### The task
Would you write out each line of the material below exactly, skipping every picture?

### Exercise data

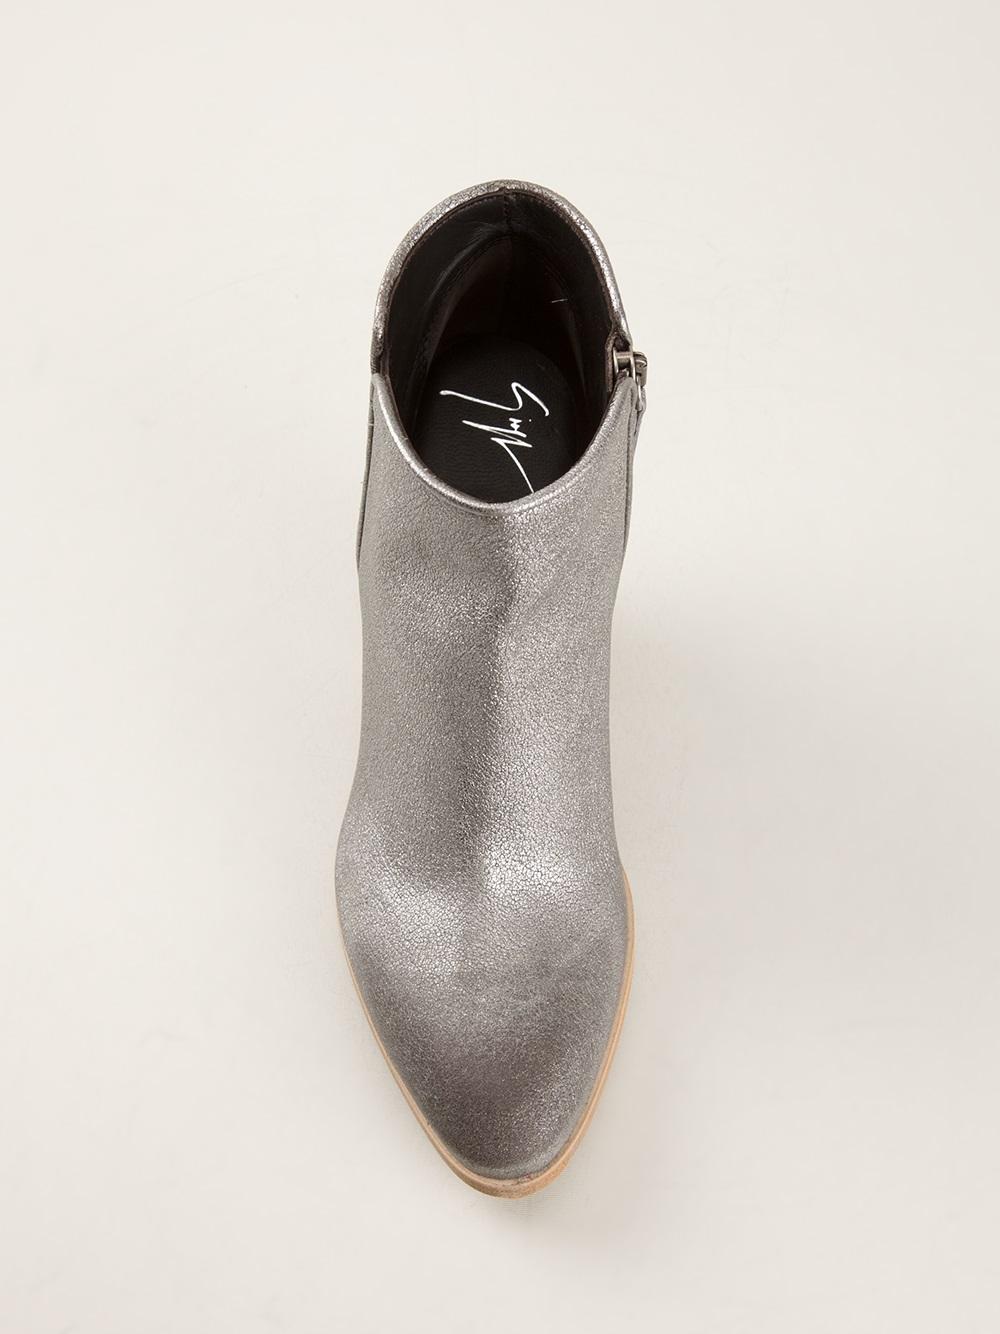 Giuseppe Zanotti Chunky Heel Ankle Boot in Metallic
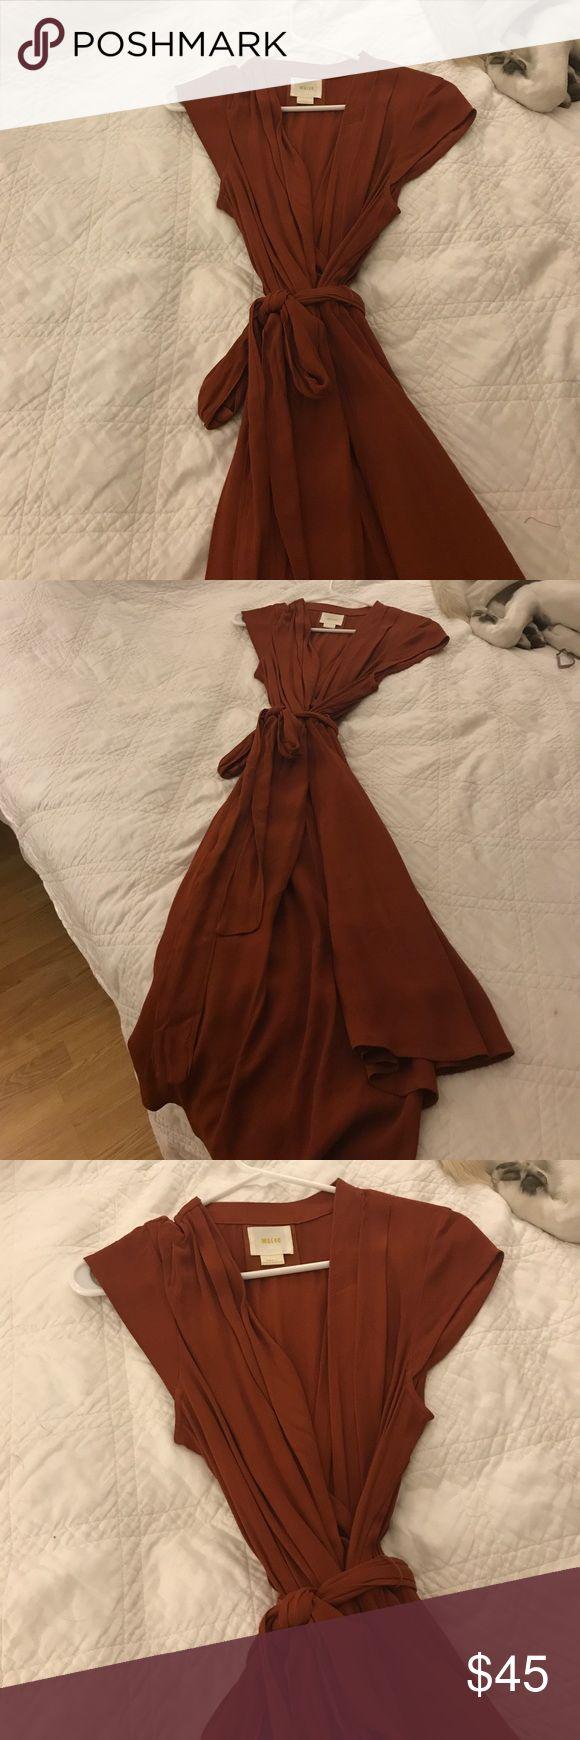 Maeve - Anthropology dress - burnt orange Maeve - Anthropology dress - burnt orange - wrap dress. Never been worn Anthropologie Dresses
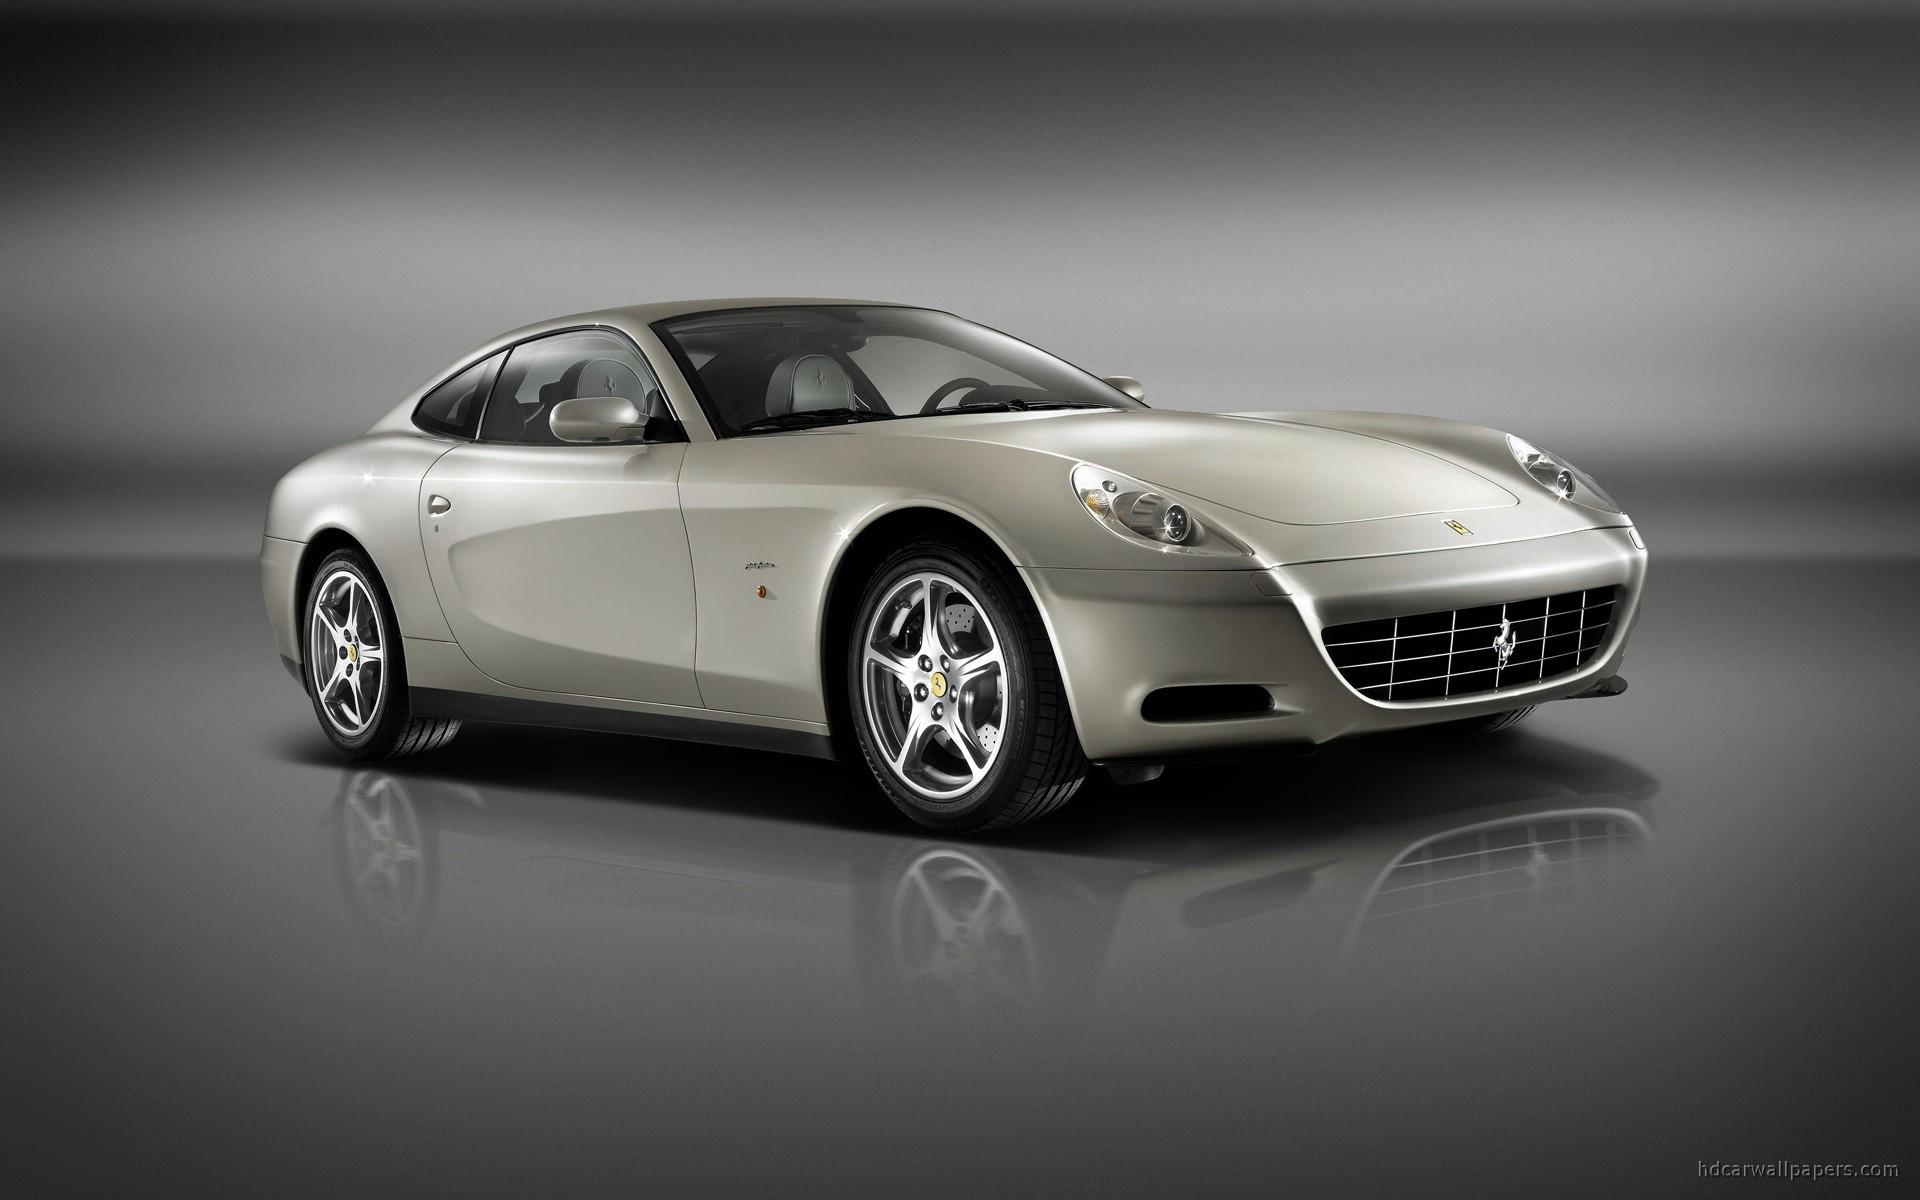 ferrari 612 scaglietti 5 wallpaper hd car wallpapers. Cars Review. Best American Auto & Cars Review

### Response
 Giuseppe Zanotti Chunky Heel Ankle Boot in Metallic
 Maeve - Anthropology dress - burnt orange Maeve - Anthropology dress - burnt orange - wrap dress. Never been worn Anthropologie Dresses
 ferrari 612 scaglietti 5 wallpaper hd car wallpapers. Cars Review. Best American Auto & Cars Review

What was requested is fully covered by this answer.